Would you like vomit with that wine?
Afraid of not getting a parking space close to the school for the first-ever parent-teacher conference for Addison, I left ten minutes early. That’s strange, I thought when I pulled up and the building was pitch dark except for light over the front door. There were plenty of parking spots because the meeting was LAST NIGHT!
Valentine’s day had never been an overly sentimental holiday. I’d always thought my relationship went so much further than a candy-chocolate-commercial-driven holiday. I still remember the most romantic valentine’s I’ve ever received: it was a single rose from my high school boyfriend that said we’d be together forever. I can still remember the rose, just starting to droop a titch, when it was delivered to my homeroom. The note was tied with a red bow around the stem.
Coco holds all holidays in such high esteem, she just might start a new religion around it. She could be the High Pope of Every Holiday Ever Imagined. So I got a gift bag of decorated with hearts for Coco and Addison and the nanny. Addison pointed at the hearts as if I’d just invented flight. Then, Whoa! He got a look at the boxes of raisins inside and the apple, and I almost felt as amorous as I did back in high school.
Coco promptly pulled each item out of the bag and described each item with such joy, I wished everything was that simple.

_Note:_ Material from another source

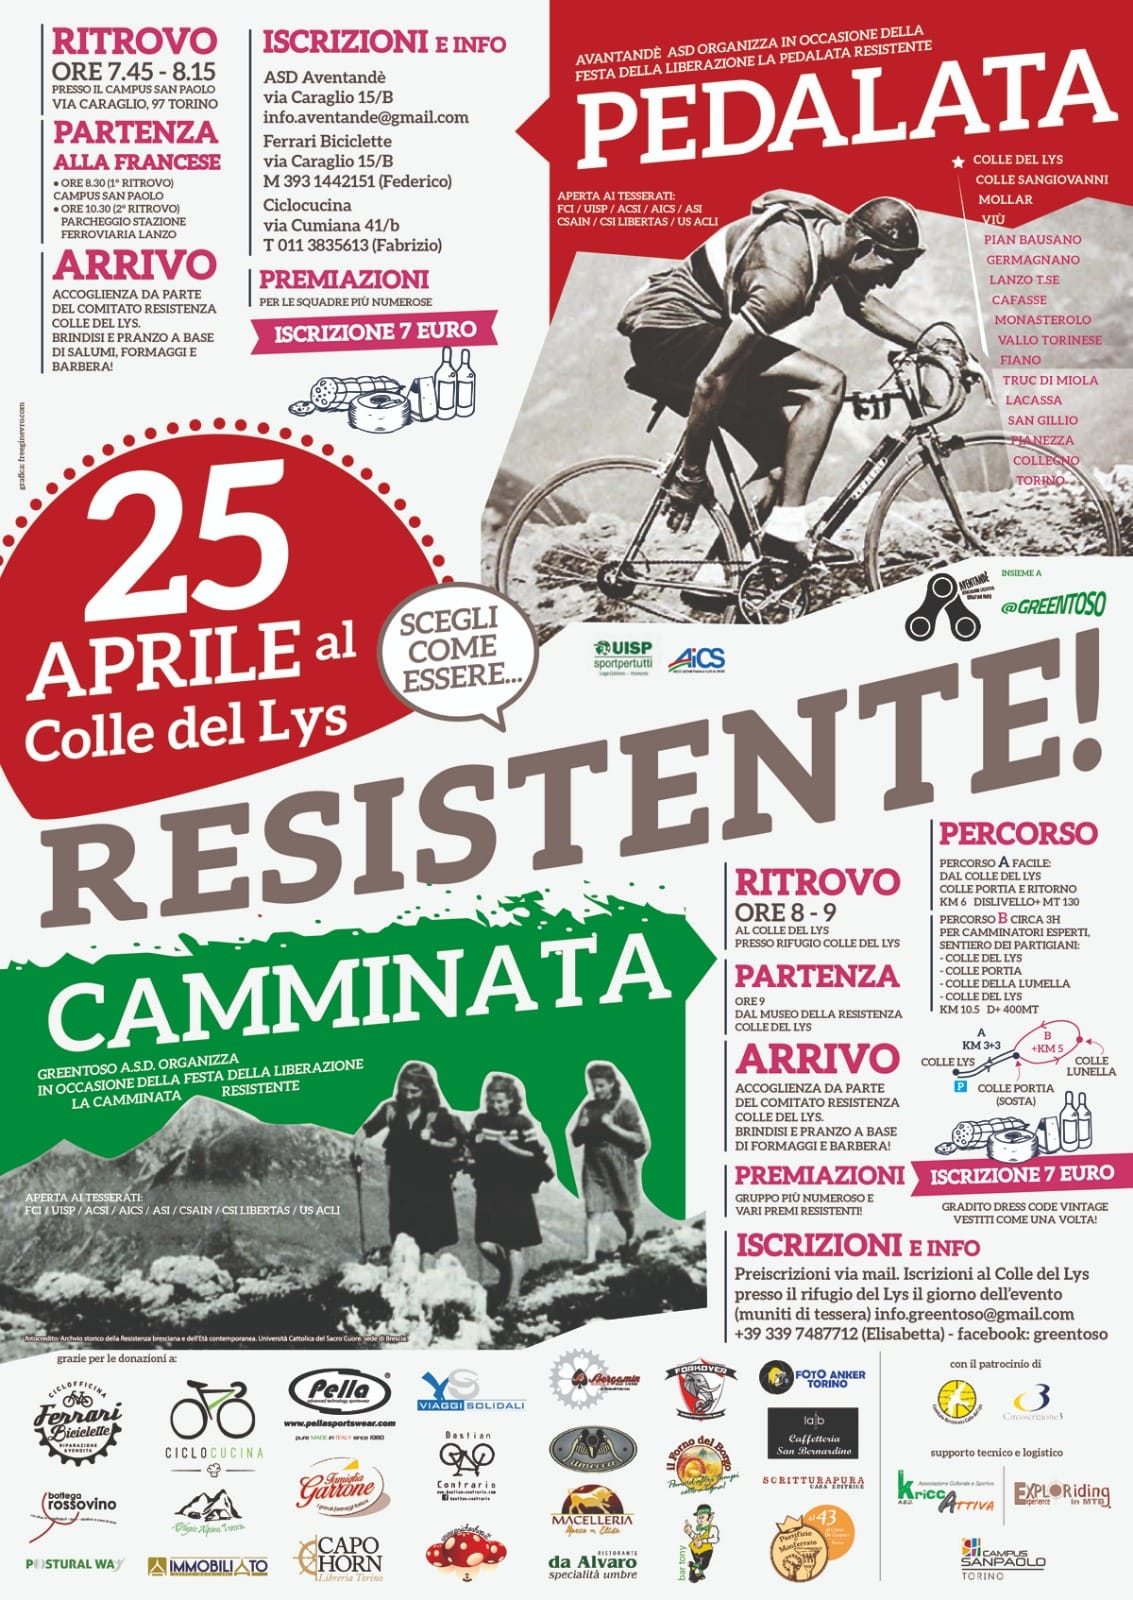 25 Aprile 2019 Pedalata Resistente Col Del Lys

I served up an efficient dinner; gave instructions to Coco to study for her exam while I was gone; and drove the five minutes to school where I sat in the dark. Well at least I can go home and have a glass of wine and read my book. When I opened the door, the baby was on the floor lying on a towel, his sister and the nanny hovering over him.
He’d thrown up. I took off my jacket and settled in. He threw up some more, and some more, and a bit more before finally konking out at 10 p.m. (I’m consistently amazed at how much food a child’s stomach can hold!) I have no idea if I gave him a food he couldn’t tolerate, or he got a bad bacteria, or it’s a virus. Most of the time, we parents never really know what our kids "get." Whatever it was, the treatment was the same: extract the bad and let the good come in.
In the moments when I miss the rose and the candy or the glowing candles, I am usually zapped back into the meaning of true love: action. It is a verb after all. Let the good come in.